### [TASK BRIEF]
Give again, word for word, every line in the entries below from the line with "original oppo enco" up to and including the line with "The senior woman", and no other line.

### [DATA PROVIDED]

Segment Open

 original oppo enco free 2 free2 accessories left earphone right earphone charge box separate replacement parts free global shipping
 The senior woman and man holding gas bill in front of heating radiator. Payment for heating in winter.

Segment Closed
Segment Open

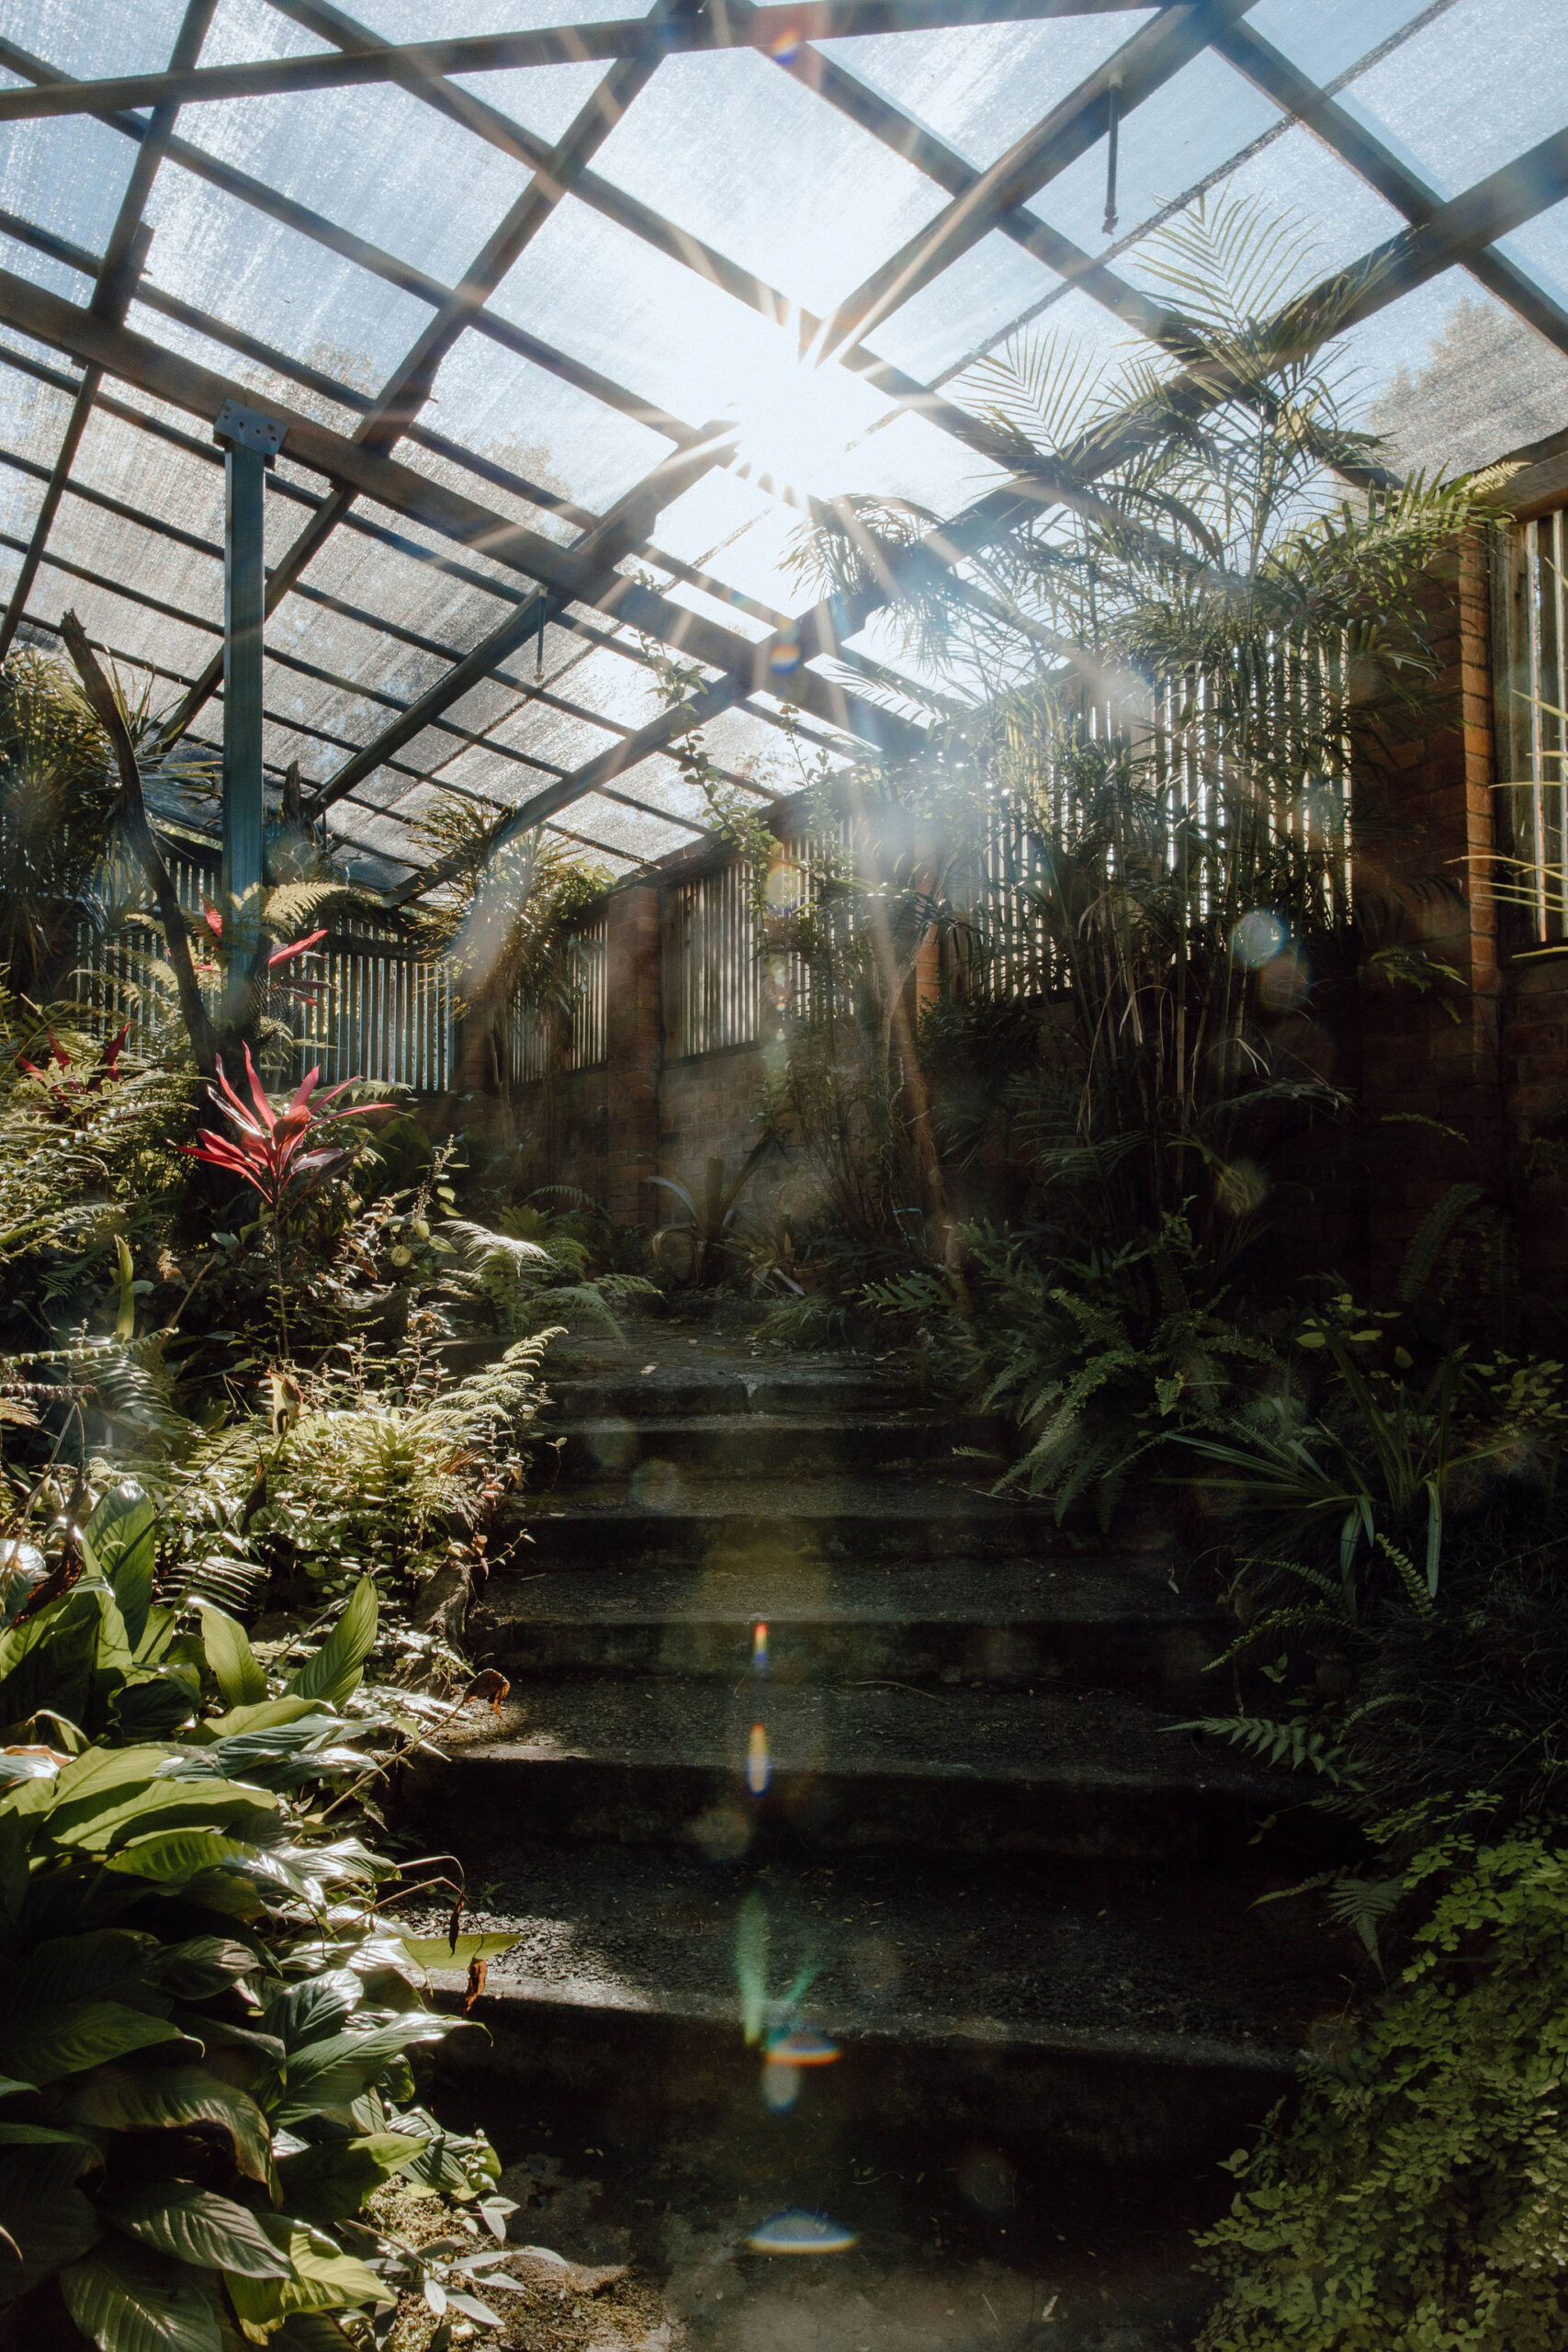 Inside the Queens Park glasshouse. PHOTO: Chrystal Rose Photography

Segment Closed
Segment Open

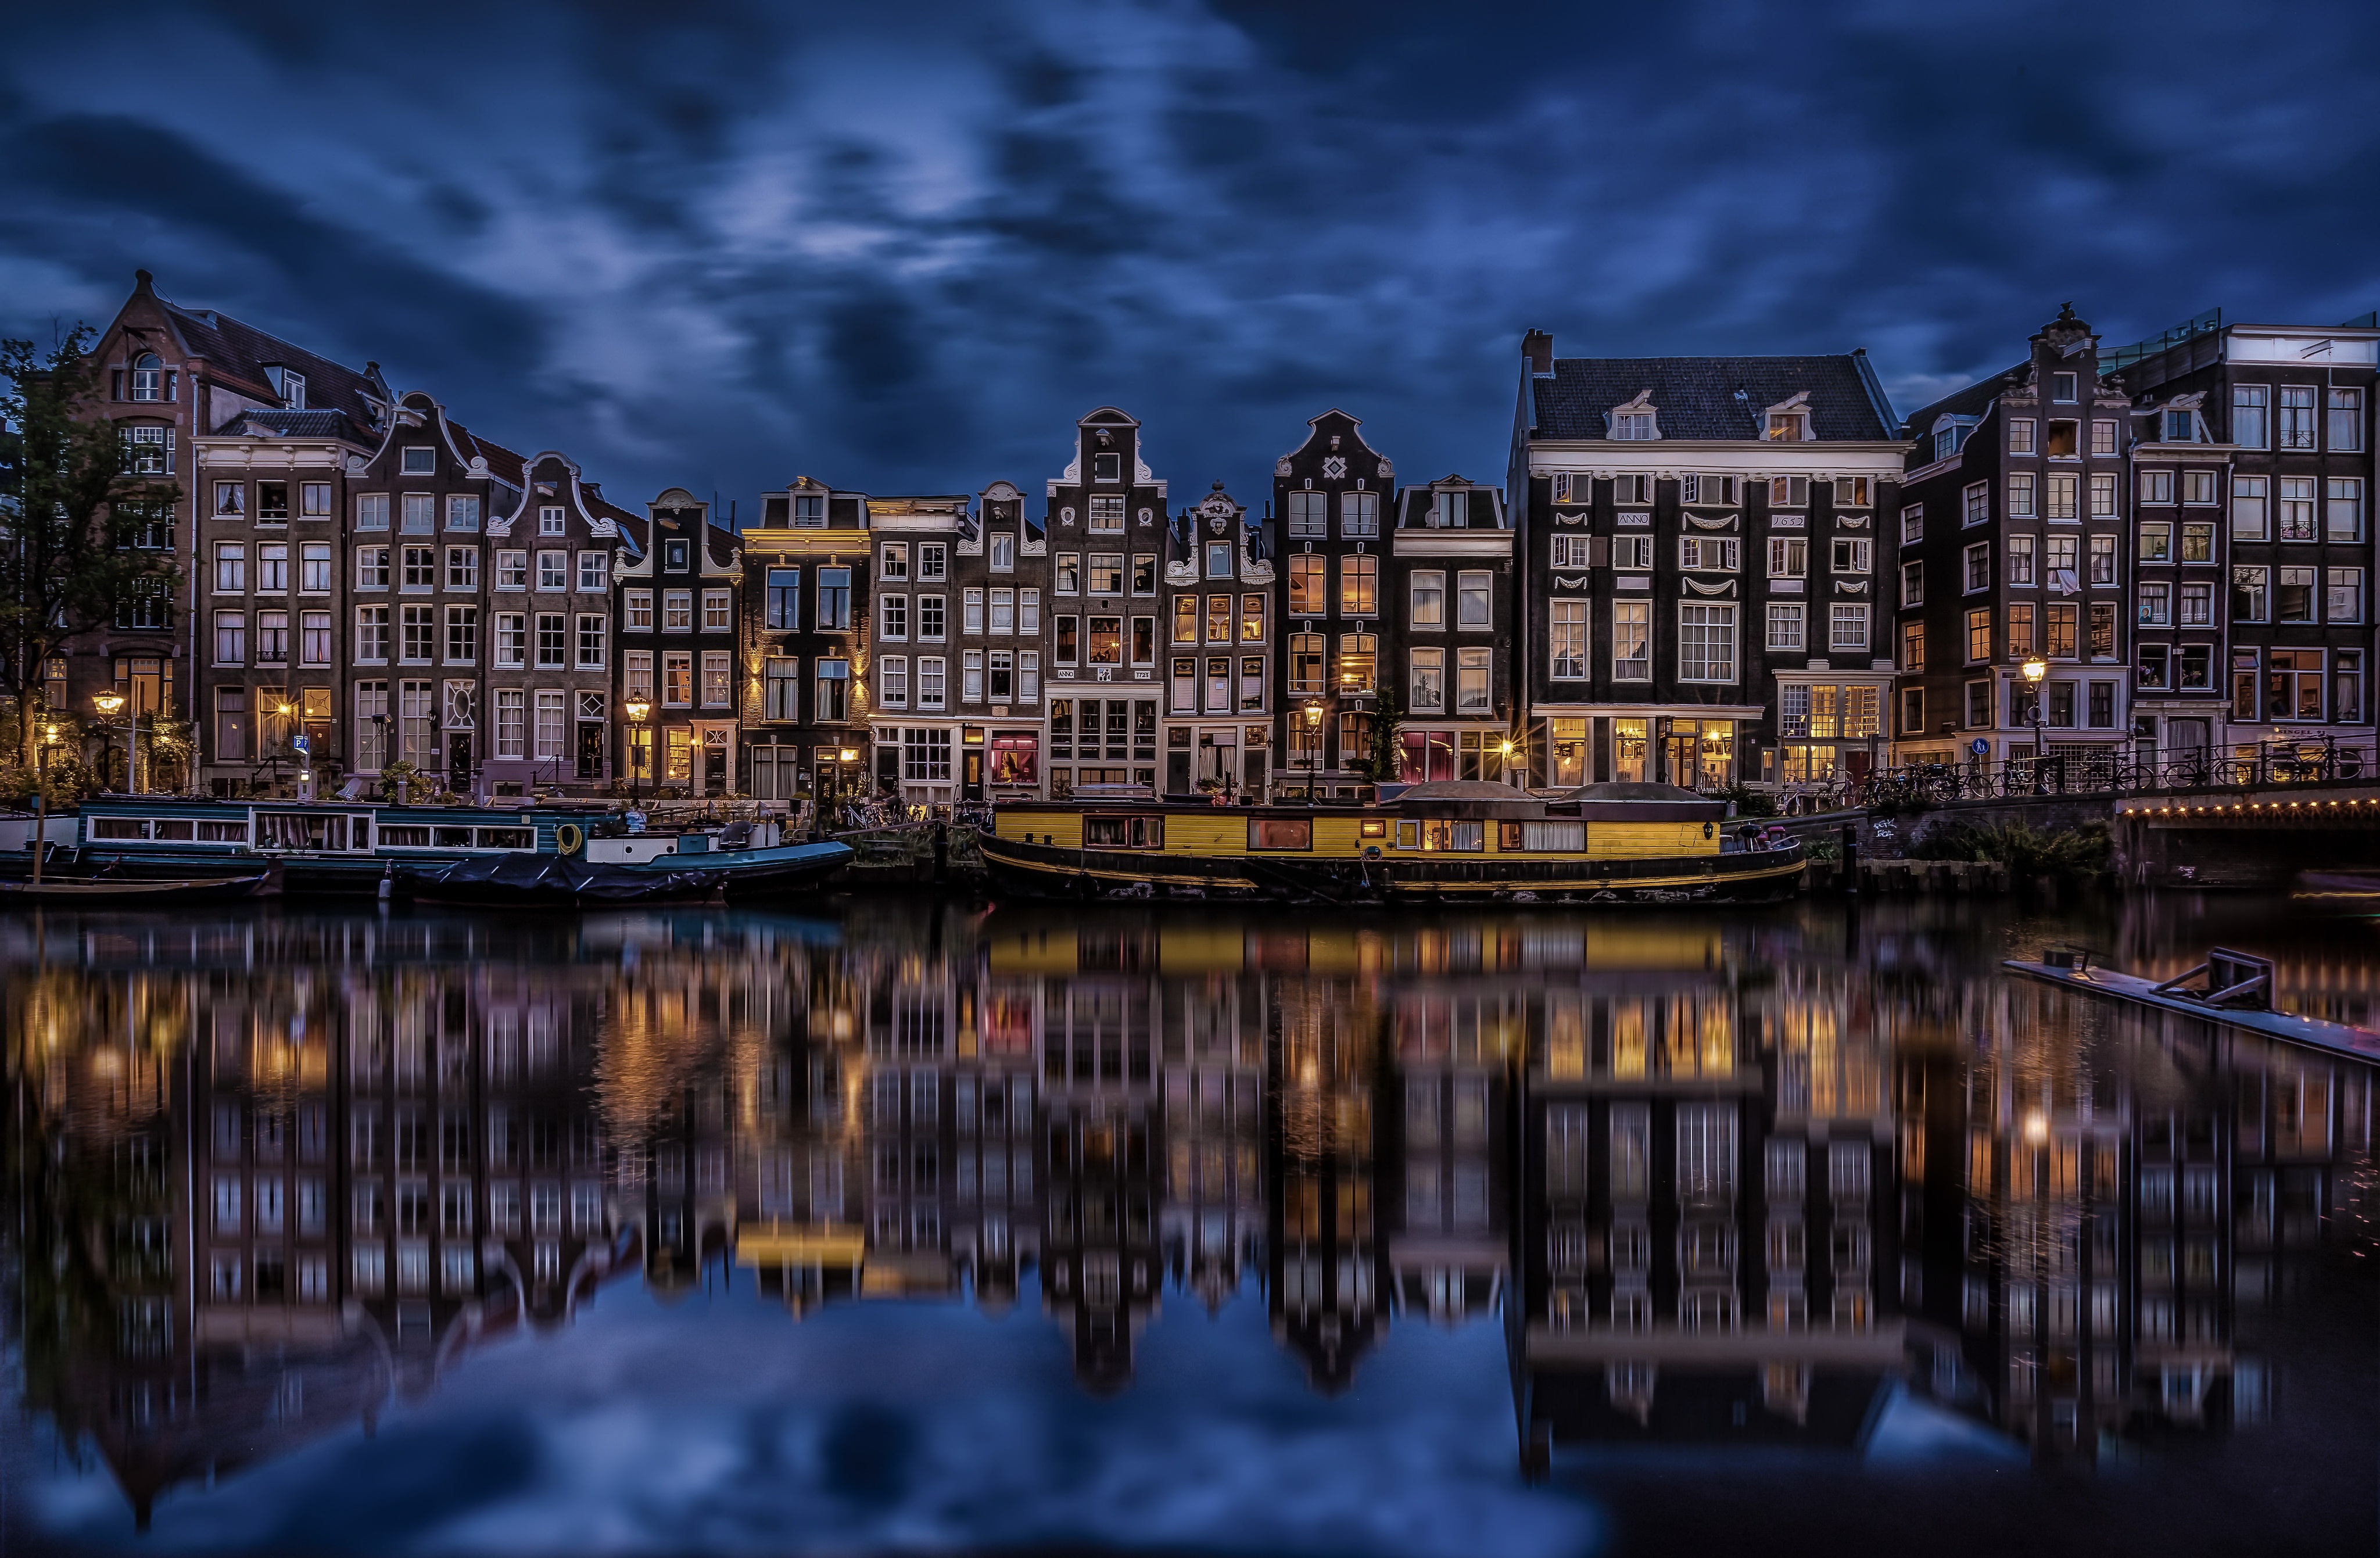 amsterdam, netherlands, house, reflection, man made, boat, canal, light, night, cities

Segment Closed

### [SOLVED EXERCISE]
 original oppo enco free 2 free2 accessories left earphone right earphone charge box separate replacement parts free global shipping
 The senior woman and man holding gas bill in front of heating radiator. Payment for heating in winter.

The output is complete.